This morning on my way to the office i decided to stop at the gas station to get some coffee.... as i am pulling into the parking space i see this woman w a haircut from the 80's the typical below the knee skirt and long sleeve shirt (is a 105 degrees over here in the shadow).... i immediatly knew she was a JW... she had the latest WT in her hands..... she skipped me and approached a group of young mexican laborers that were resting in the back of a truck... but... as soon as i walked out of the gas station... guess who was waiting for me??? the JW!!! she wanted to do a presentation.. i looked at her and w/o saying a word i started laughing so hard the guys in the truck started laughing as well... she just looked at me and STILL kept trying to push her literatrash!! i said "I am an apostate".... she looked like she had heard me say "i am the devil in the flesh" turned her back and started walking/running back to her car... i was still laughing!! =P i had to share this one!!
Saw some JWs this am! Couldn't stop laughing
funny... I love throwing that word out there when I just want a good laugh....

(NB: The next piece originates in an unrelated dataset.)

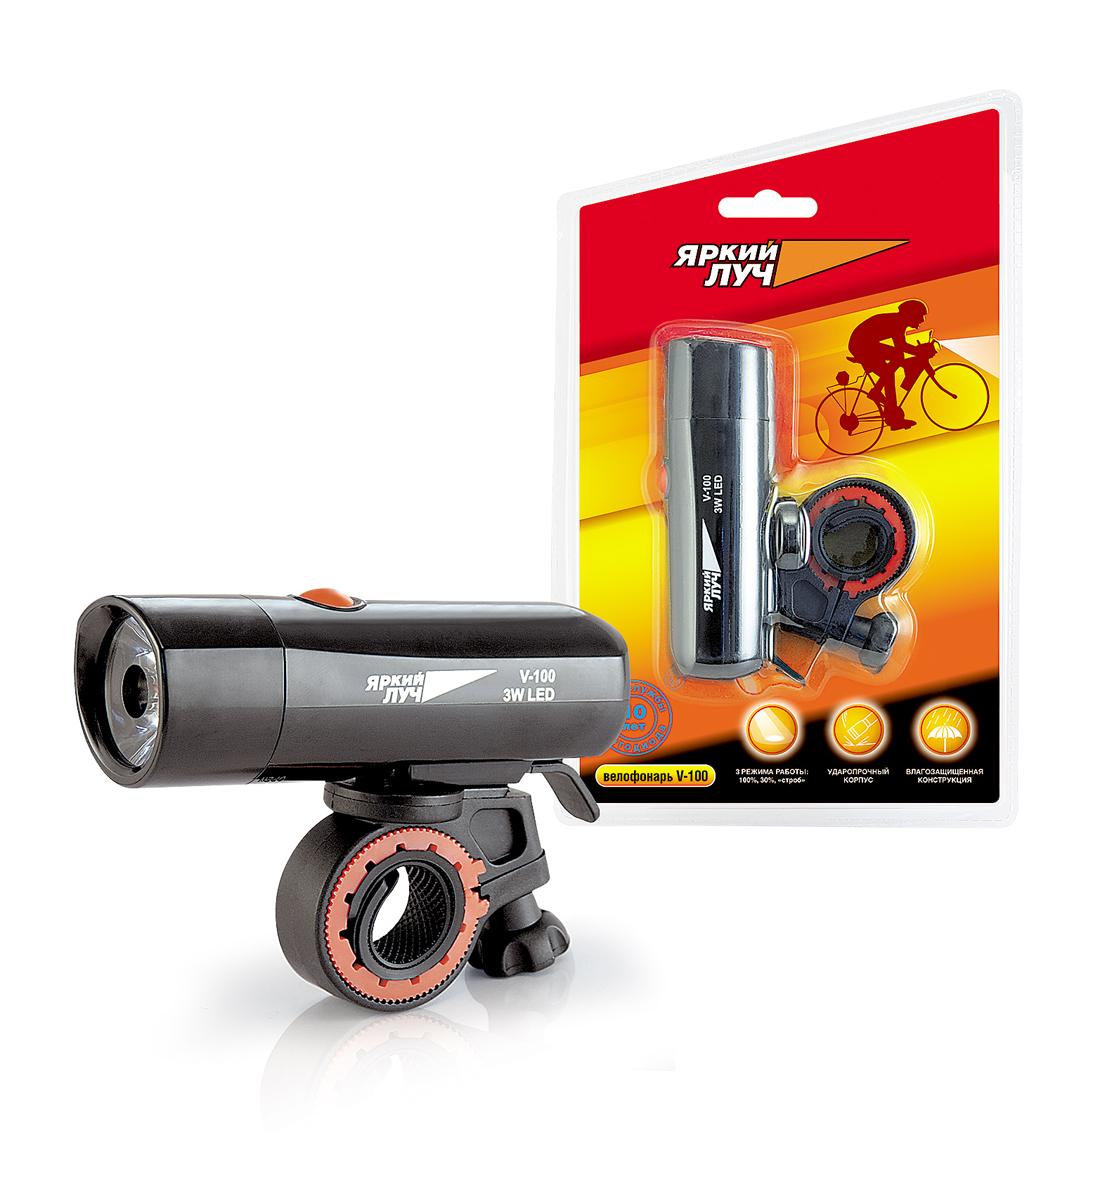 Фонарь велосипедный Яркий Луч, цвет: черныйV-100Фонарь Яркий Луч, выполненный из пластика, предназначен для комфортной и безопасной езды на велосипеде в любое время суток. Изделие имеет три режима работы: 100% (100 лм), 30% (30 лм) и строб.Оптическая система фонаря (коллиматорная линза) позволит комфортно перемещаться на средней скорости в полной темноте, своевременно обозначая ямы и неровности дорог, а режим строб поможет обезопасить езду в светлое время суток. Источник света: яркий светодиод (3 Вт).Конструктивная особенность: поворот фонаря относительно крепления на 360°.В комплекте поставляется крепление на руль. Элементы питания: 4 батарейки типа ААА (R03) - в комплект не входят.

although I find it much more fun to lead them on w/ some story about how I was just praying someone would show me God after taking a hit off the crack pipe and then start speaking in tongues and violently convulsing... it's good to throw a beelzebub in there every once in a while too... then get up and say "thank the Lord God Jesus Christ Almight God you've saved me I'm born again."... thank them and walk away...
ok so truthfully I've only done this once... but oh my God their look of fear and confusion... classic...
wearewatchingyouman - what a funny sense of humor!
BTW did you know you have an olive in your belly button? That's what it looks like, anyway.
I don't understand. Did you start laughing at her, because of her clothes, for being a jw or for trying to make a presentation?
Maybe the hole situation was indeed very humorous -I can't tell, since I was not there. I hope she did not feel humiliated.
I have been telling my friends, when jws come to the door, smile a wicked little smile and say...i am an apostate. I have one or two friends who are now eagerly awaiting a knock the door.
It's soo funny how I used to fear that word. Now I wear it proudly.
freetosee, jw's love embarassing themselves.
blond-moment......I am going to tell all my friends that....think how great it would be if everyone knew those words. I AM AN APOSTATE
Wished I was there to see it! Hahahahaha
Two questions: Are you sure that's the belly-button? Are you sure that's an olive?
Now back to the thread: When I first left the organization in the 1980s, a group of non-JW university friends were talking with me about how to give the JWs the short-shrift. I told them, say to the JWs with a big smile:
"Hi, my name is Tom and you guys disfellowshipped me for conduct unbecoming a Christian. If you value your spiritual purity, leave right now...otherwise if you stay, you risk having your mind opened."
I never heard whether any of them ever used it, but everyone was in stitches as we role-played the lines.
"I am an apostate".... she looked like she had heard me say "i am the devil in the flesh" turned her back and started walking/running back to her car... i was still laughing''
Persecution....it's persecution I tell thee!
The washTowel is correct! There are such creatures as 'apostates'......THEY LIVE!!
Andy Warhol said everyone has 15 minutes fame..............yours is that you'll become an exaggerated 'experience' at the next A$$€m?£¥. She'll tell how she was attacked by a van full of 'apostates' shouted out 'JAAAAARRRRRR HOOOOOOOVERRRRRRRRR!' and you all melted like Christopher Lee at the end of the Dracula film.